Data provided:
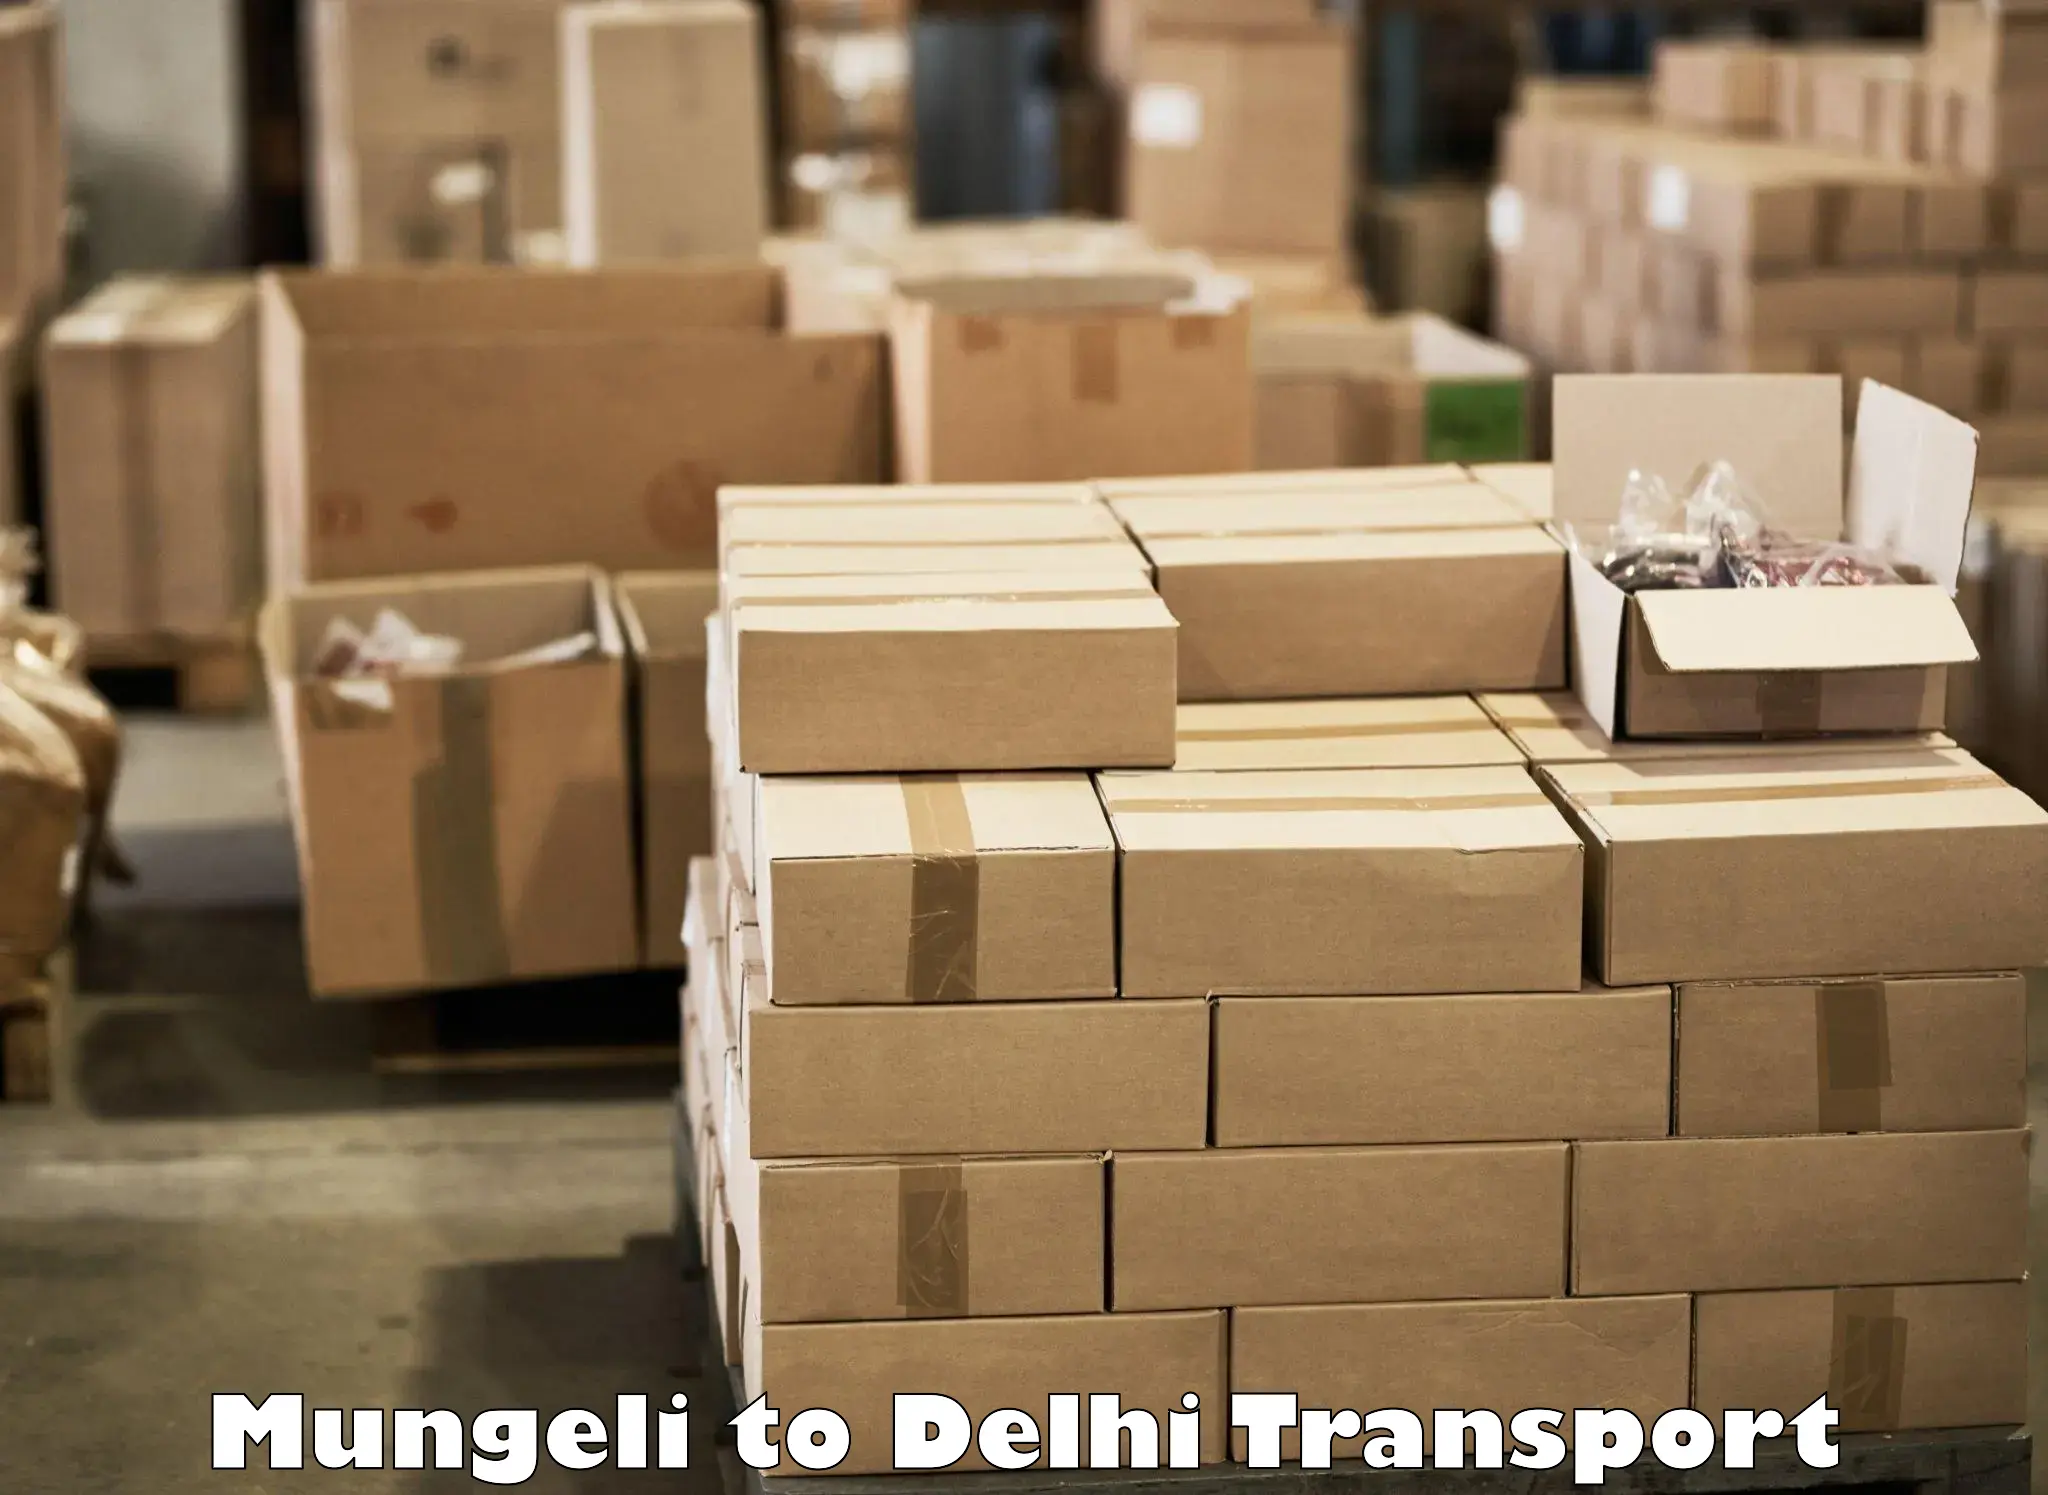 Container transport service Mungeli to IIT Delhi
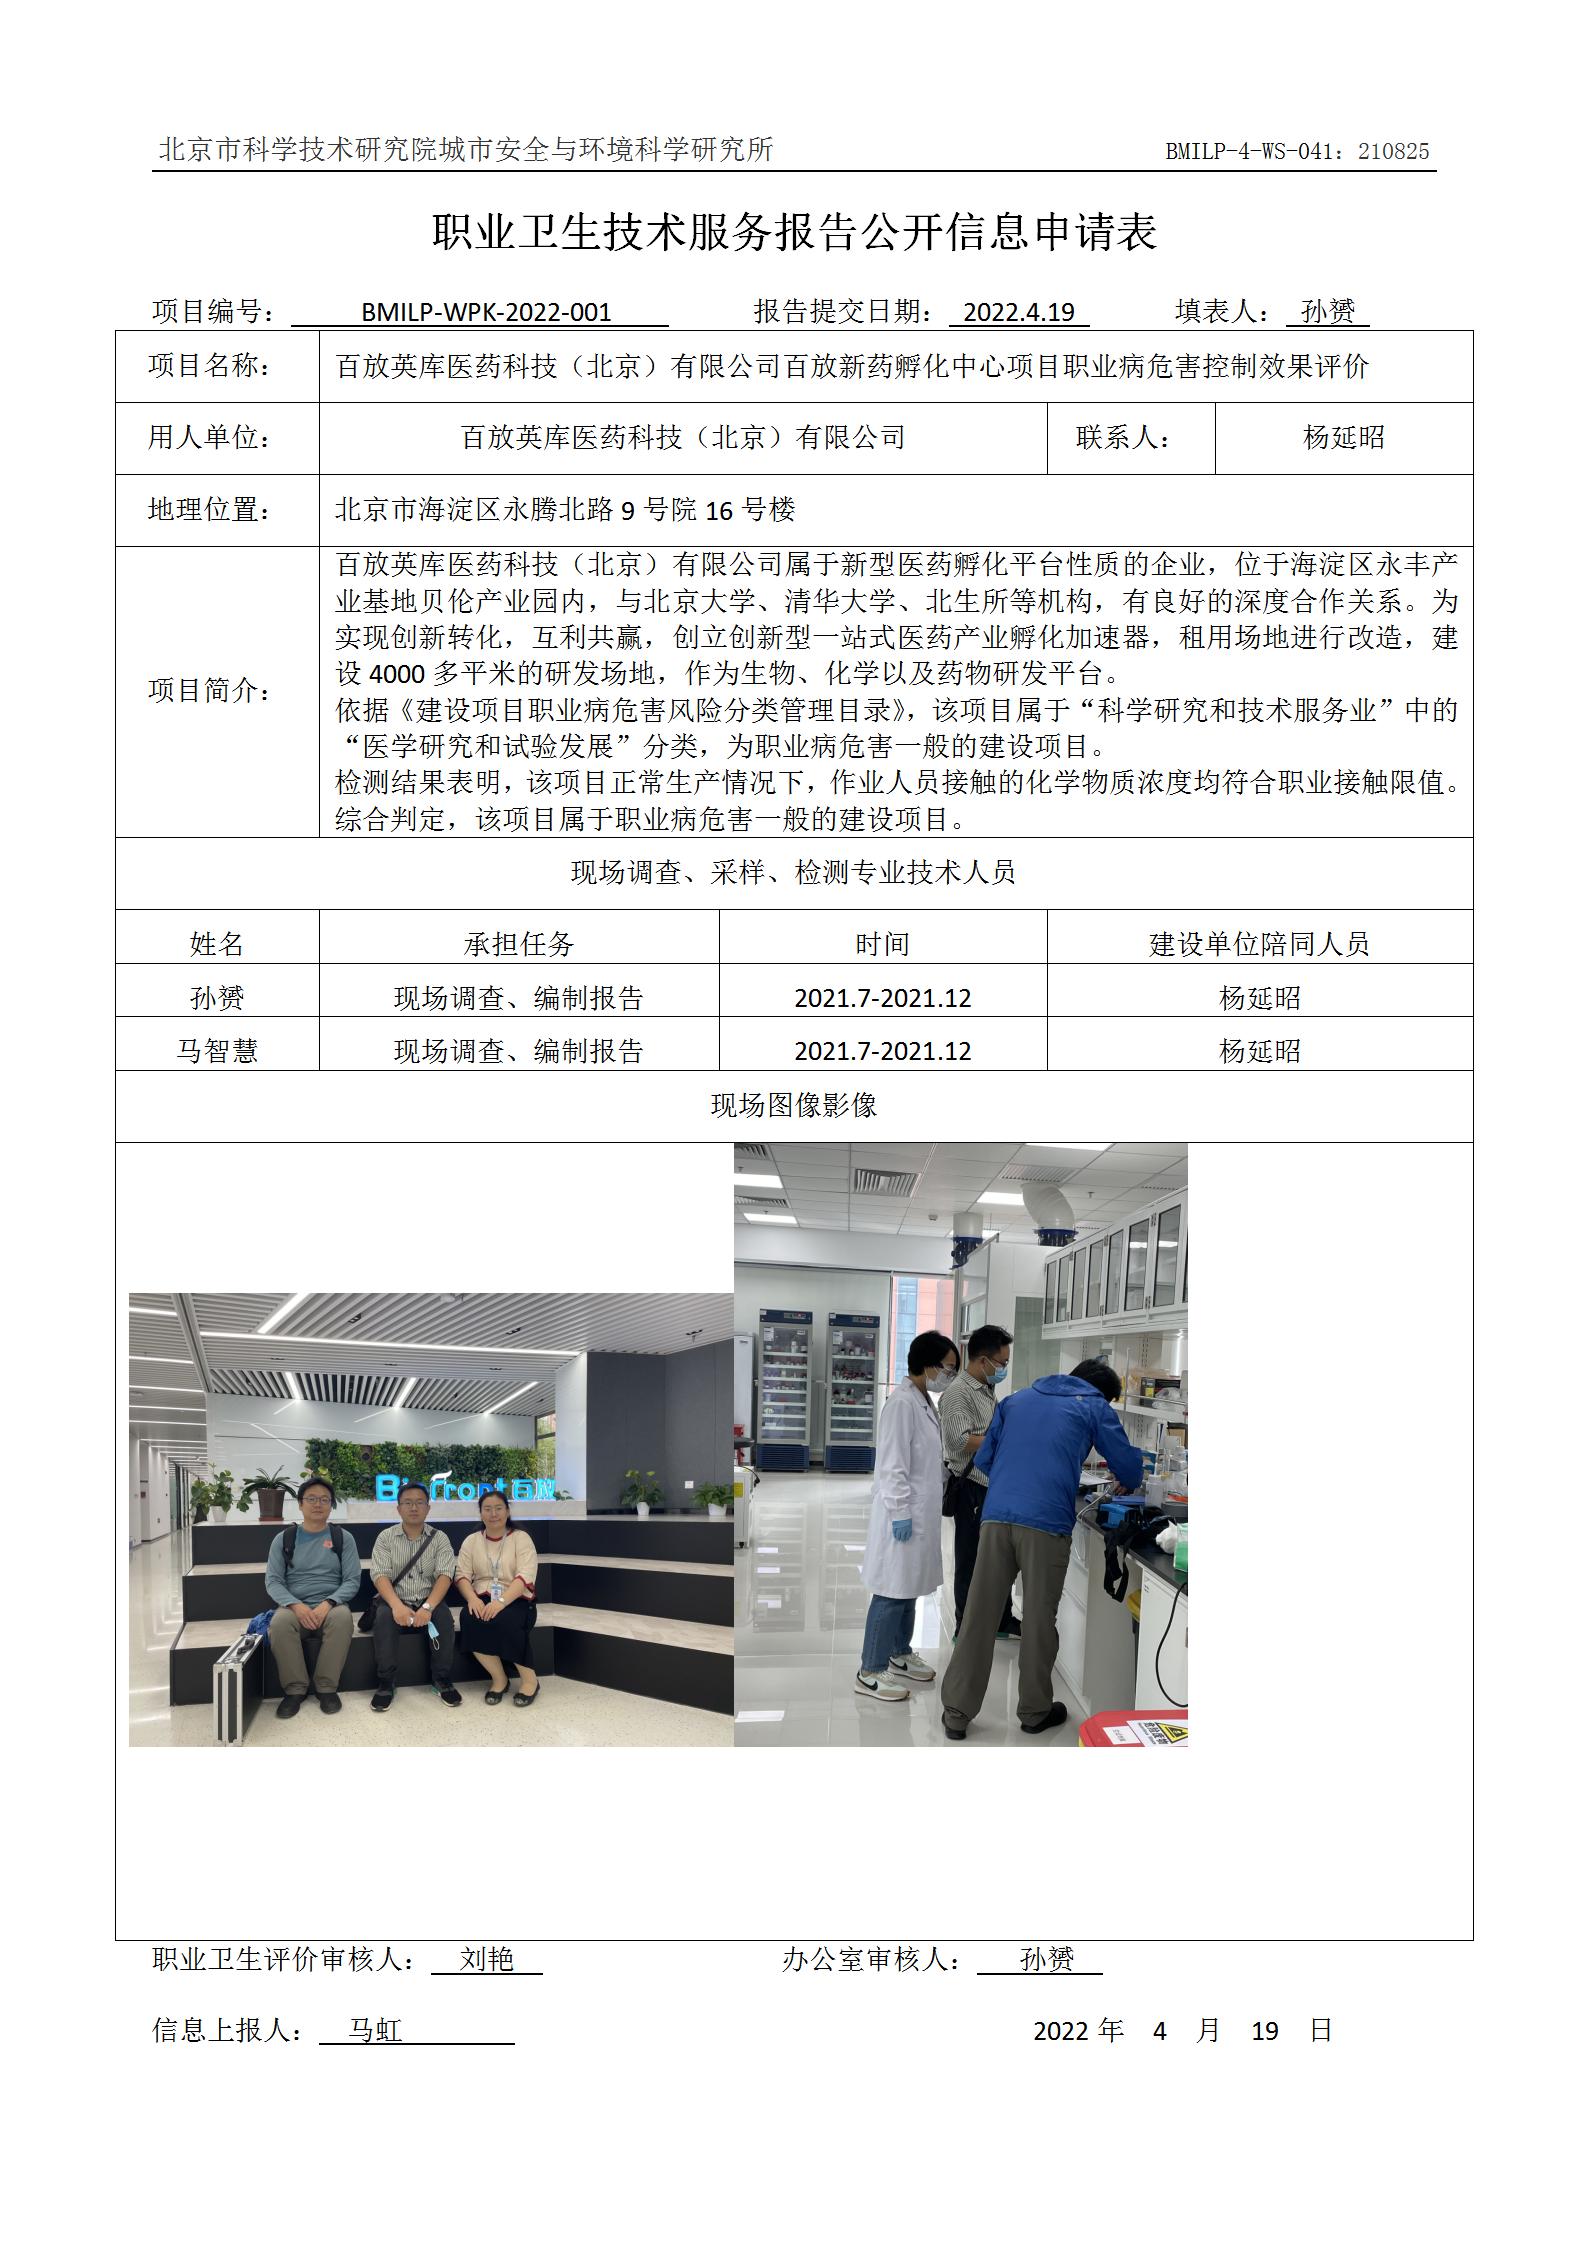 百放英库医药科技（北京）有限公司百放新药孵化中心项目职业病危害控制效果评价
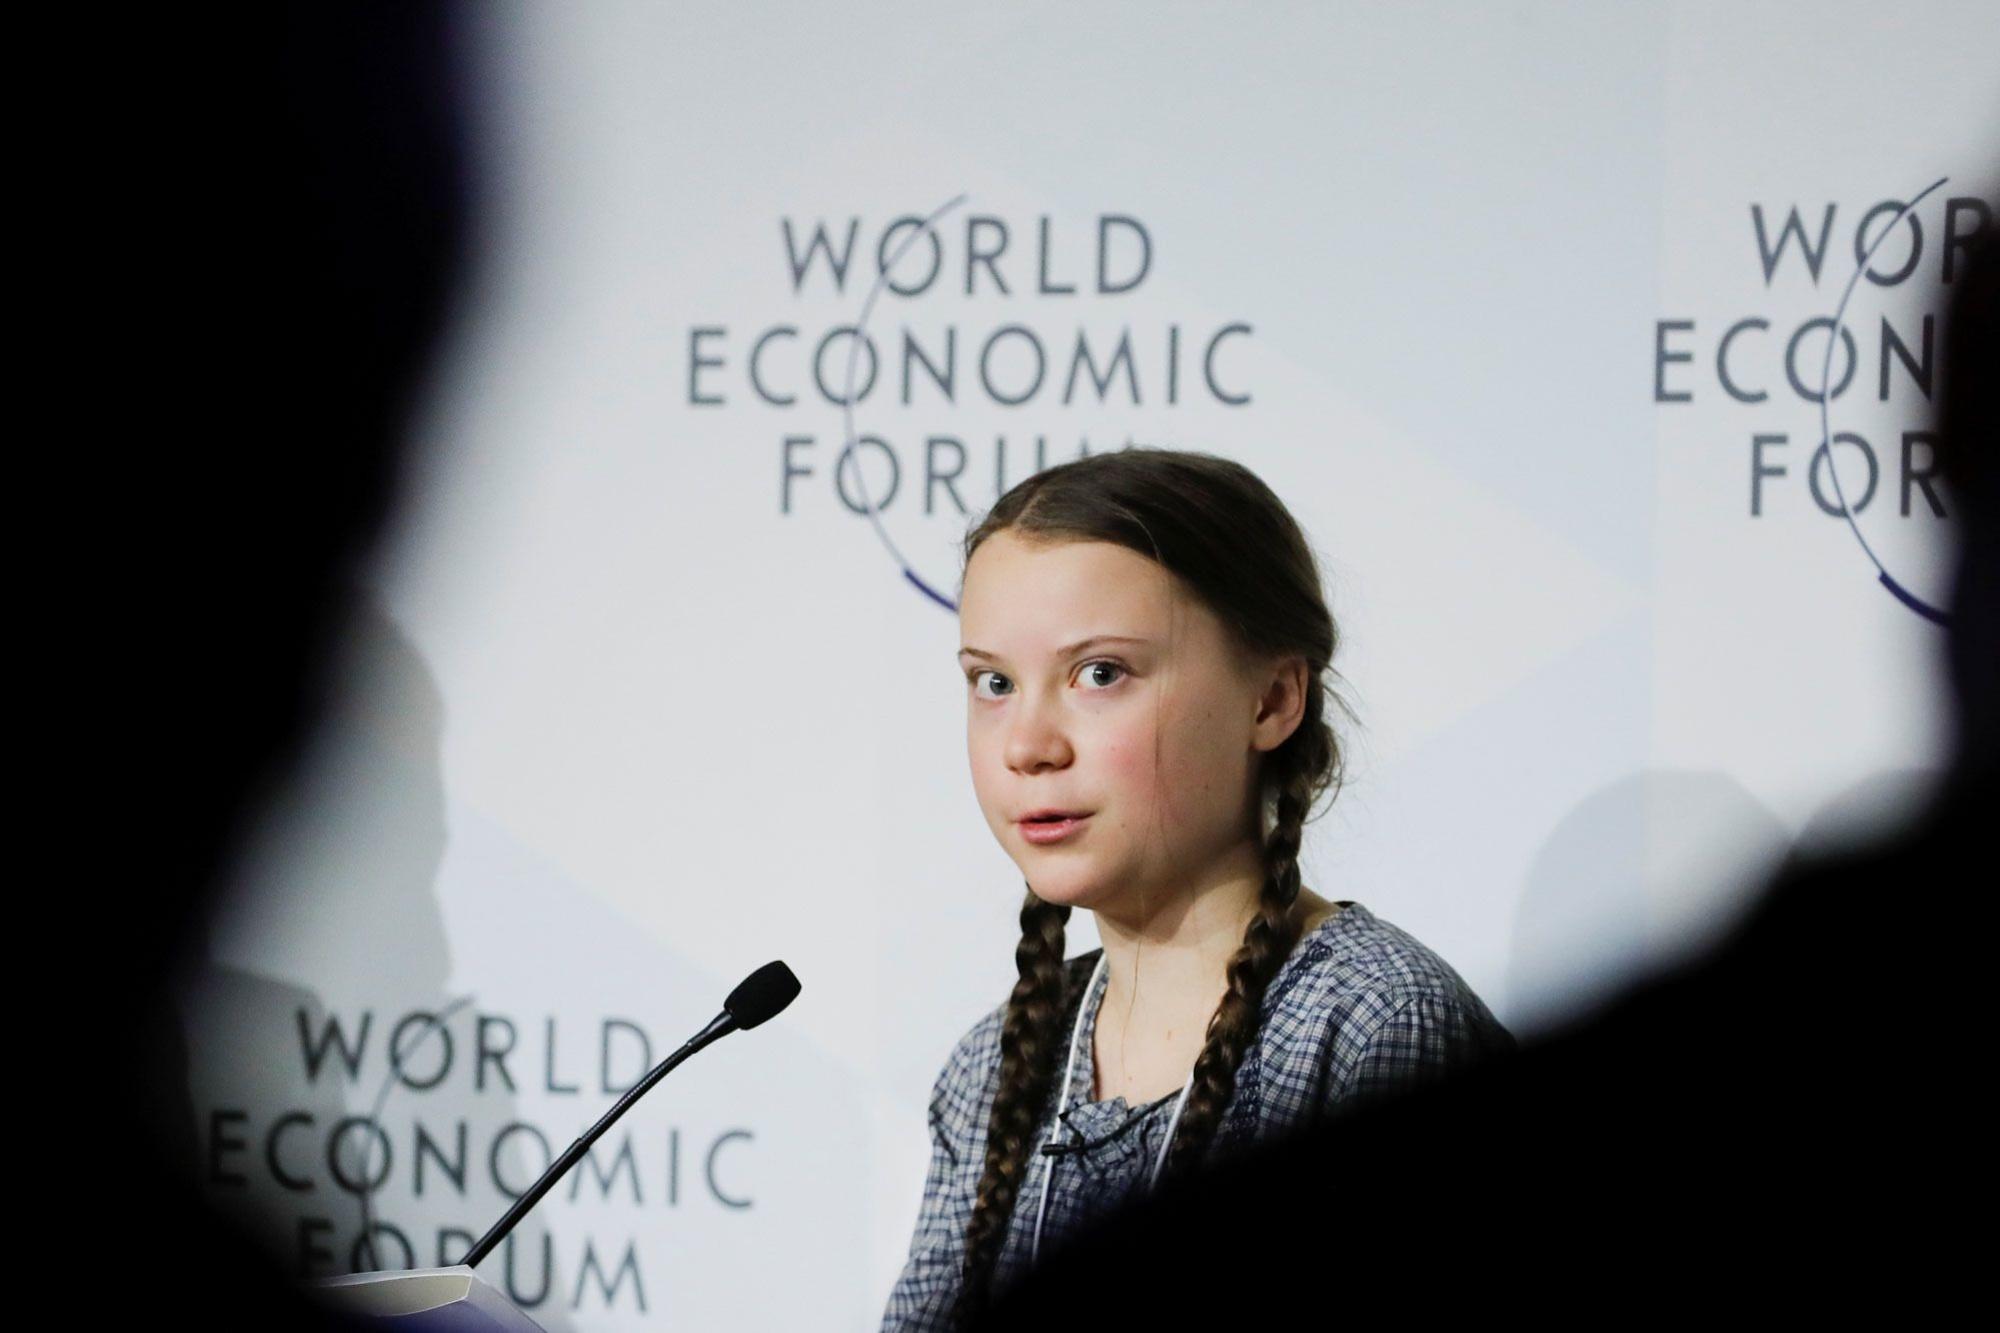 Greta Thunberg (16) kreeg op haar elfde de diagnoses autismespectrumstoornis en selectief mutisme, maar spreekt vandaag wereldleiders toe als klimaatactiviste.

Exercise instructions: Please print the line that contains "百放英库医药科技（北京）有限公司百放新药孵化中心项目职业病危害控制效果评价" along with every later line of the material, exactly, through the last one. Leave pictures out of the copy.

Problem solution:
 百放英库医药科技（北京）有限公司百放新药孵化中心项目职业病危害控制效果评价
 Greta Thunberg (16) kreeg op haar elfde de diagnoses autismespectrumstoornis en selectief mutisme, maar spreekt vandaag wereldleiders toe als klimaatactiviste.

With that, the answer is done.